# There any problem using other compilers instead the one in base system?



## wisdown (May 2, 2015)

Hey guys,

I'm on my second week of tries and error in get the FreeBSD 10.1 runing on my old laptop with gnome 3 and till now without success...

Looking on internet how to get gcc working, I have found how to make it as default compiler too..

Was compiling all packages at least 3 times more faster, but, in 2 packages I got an problem:

1 - OpenJDK7
2 - amd64-binutils & binutil

On the first (OpenJDK7) seems exists an problem with an gcc49 header file.
For get OpenJDK7 working then, I have disabled gcc+ and used the default system compiler.

On the second (amd64-binutils & binutil) the gcc49 compiler crashed saying not be able to make executable files...

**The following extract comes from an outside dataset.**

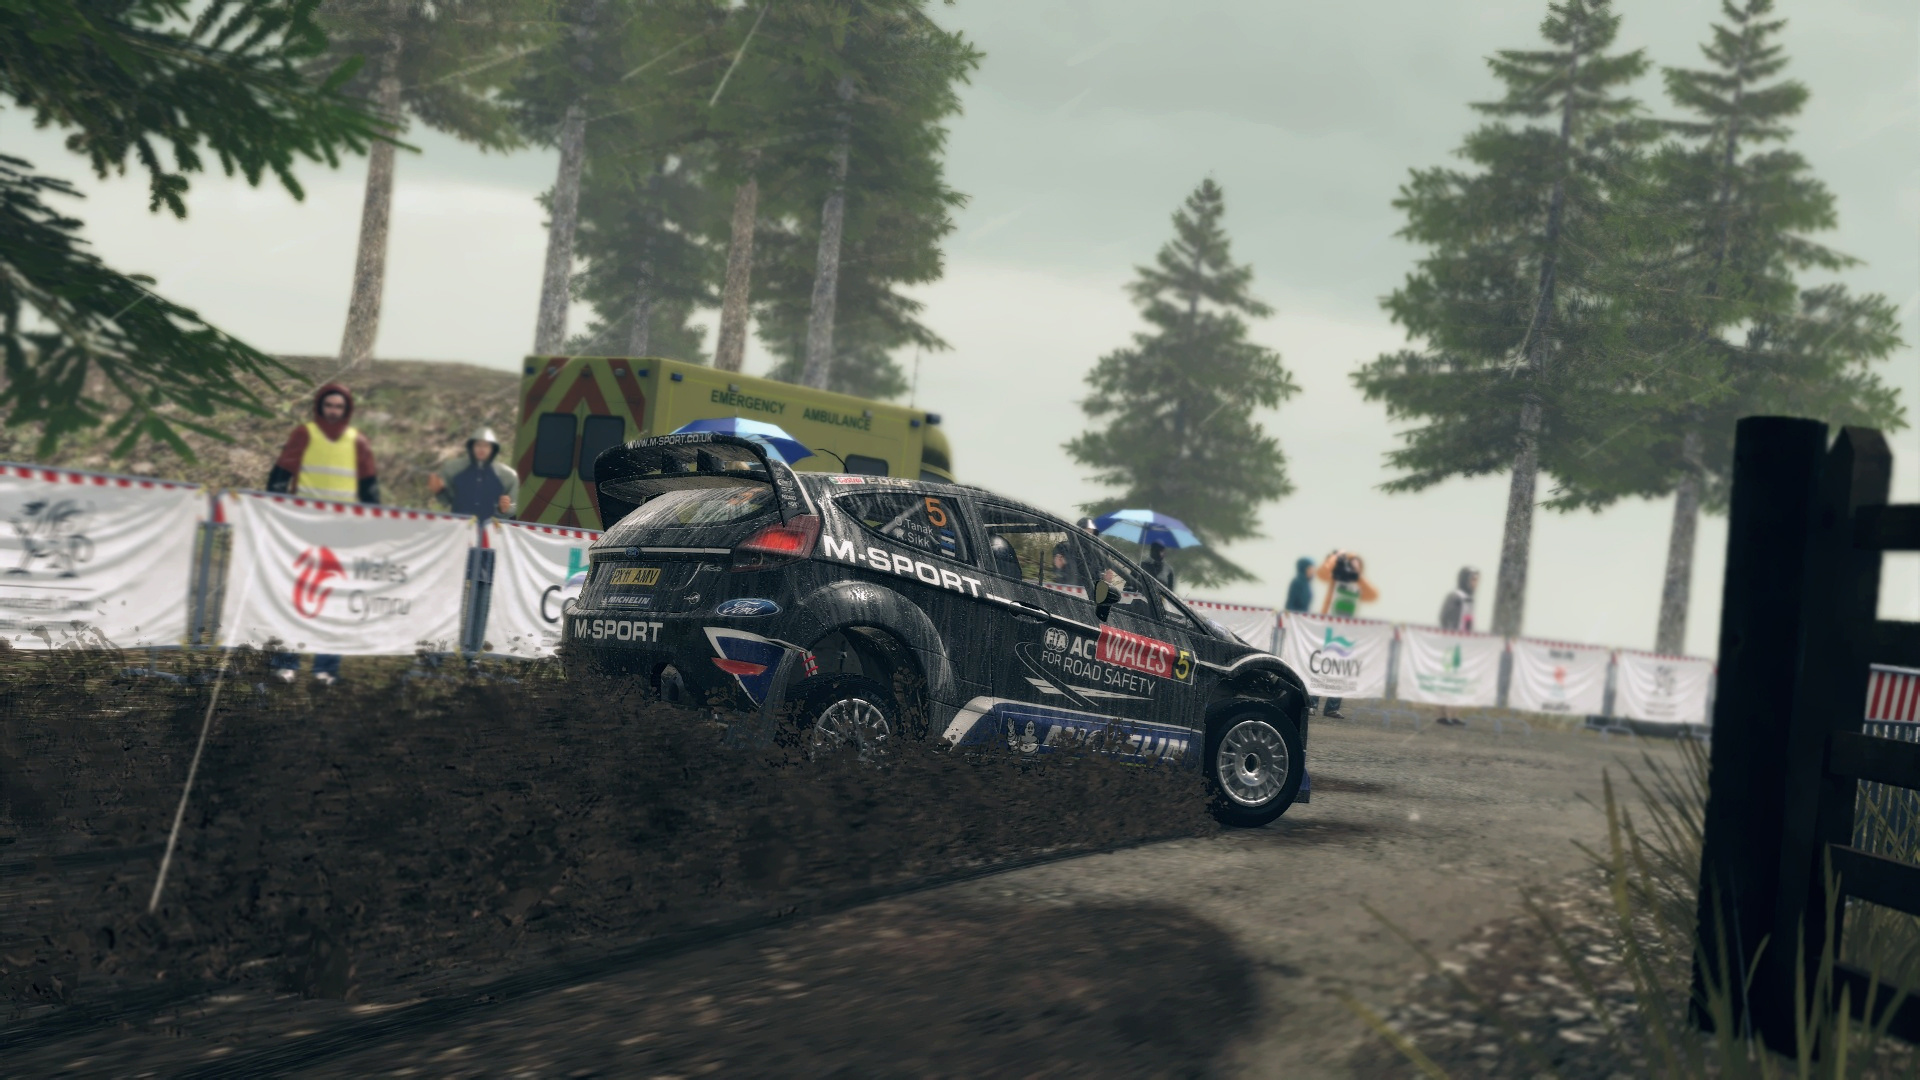 Video Game WRC 3 HD Wallpaper | Background Image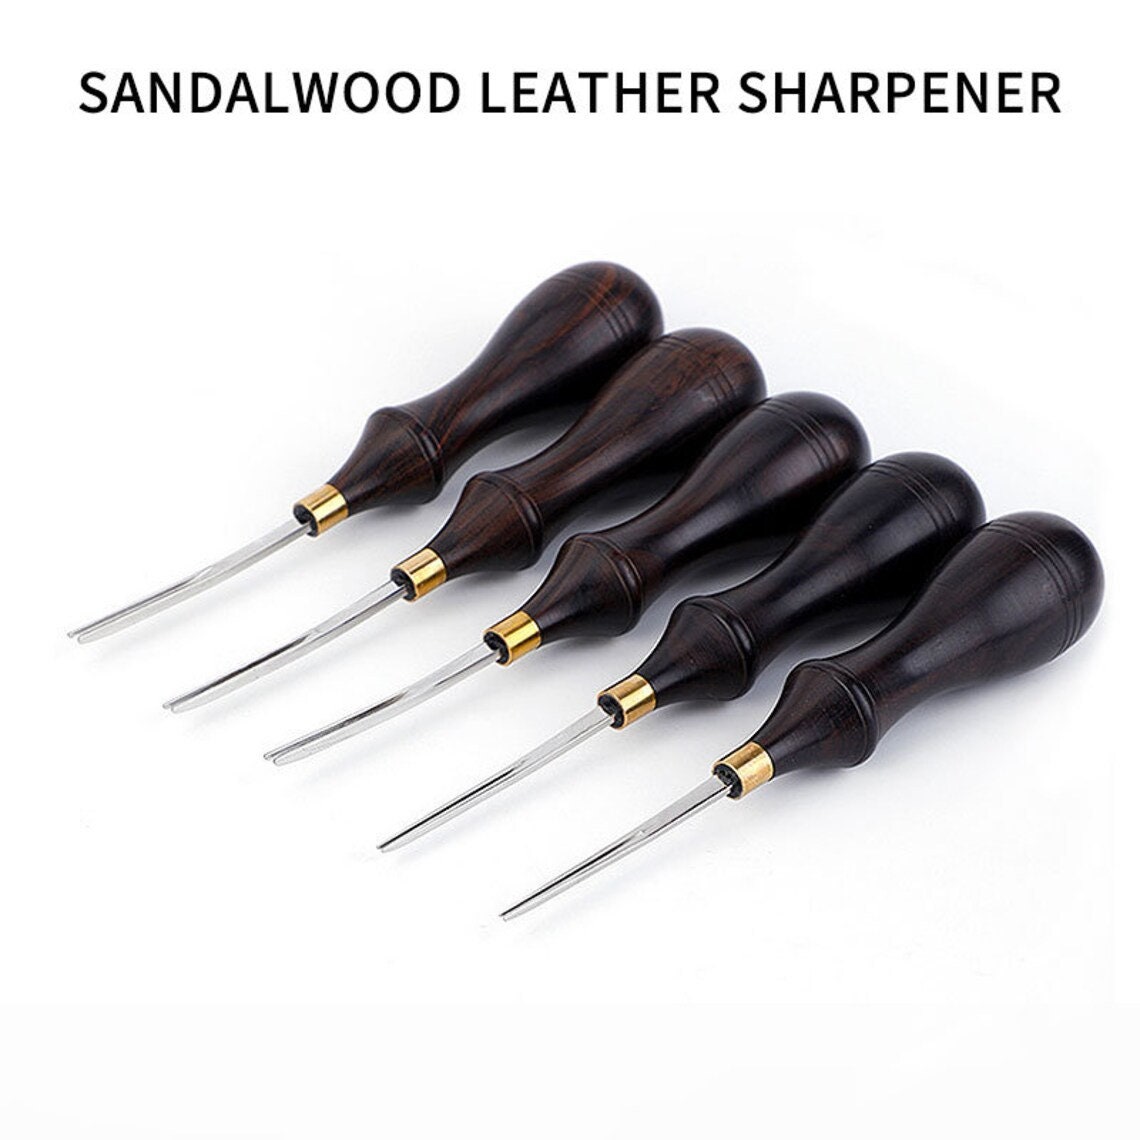  OWDEN Professional French Style Wide Mouth Skiving Tool,  Leather Edge bevelers Tool, leathercraft Tool （6.0mm).

Till Java my choice was being keep using gcc49 to compile all...
But, after see gcc49 cannot create executable files, I started worry about have lost my time since some compiled programs would not be able to execute (there no warn or error in the logs)

So, my question is:

If I keep using gcc49 to compile all, would I have the system working like desired?

Or

Building the packages with gcc49 only (except in situations like openjdk and binutils for example) will make useless programs and bug the system?


----------



## kpa (May 2, 2015)

I don't see a big problem with that since much of the software in ports comes from Linux or is developed primarily on Linux where GCC is the default compiler. This all assuming you can get the GCC compiler working without too much trouble. Don't use GCC for compiling the OS though, you might trigger some hidden bugs that are only reveal themselves when code is compiled with GCC and not with Clang. Clang is the default compiler for the base system for a good reason.


----------



## Oko (May 3, 2015)

kpa said:


> Don't use GCC for compiling the OS though, you might trigger some hidden bugs that are only reveal themselves when code is compiled with GCC and not with Clang.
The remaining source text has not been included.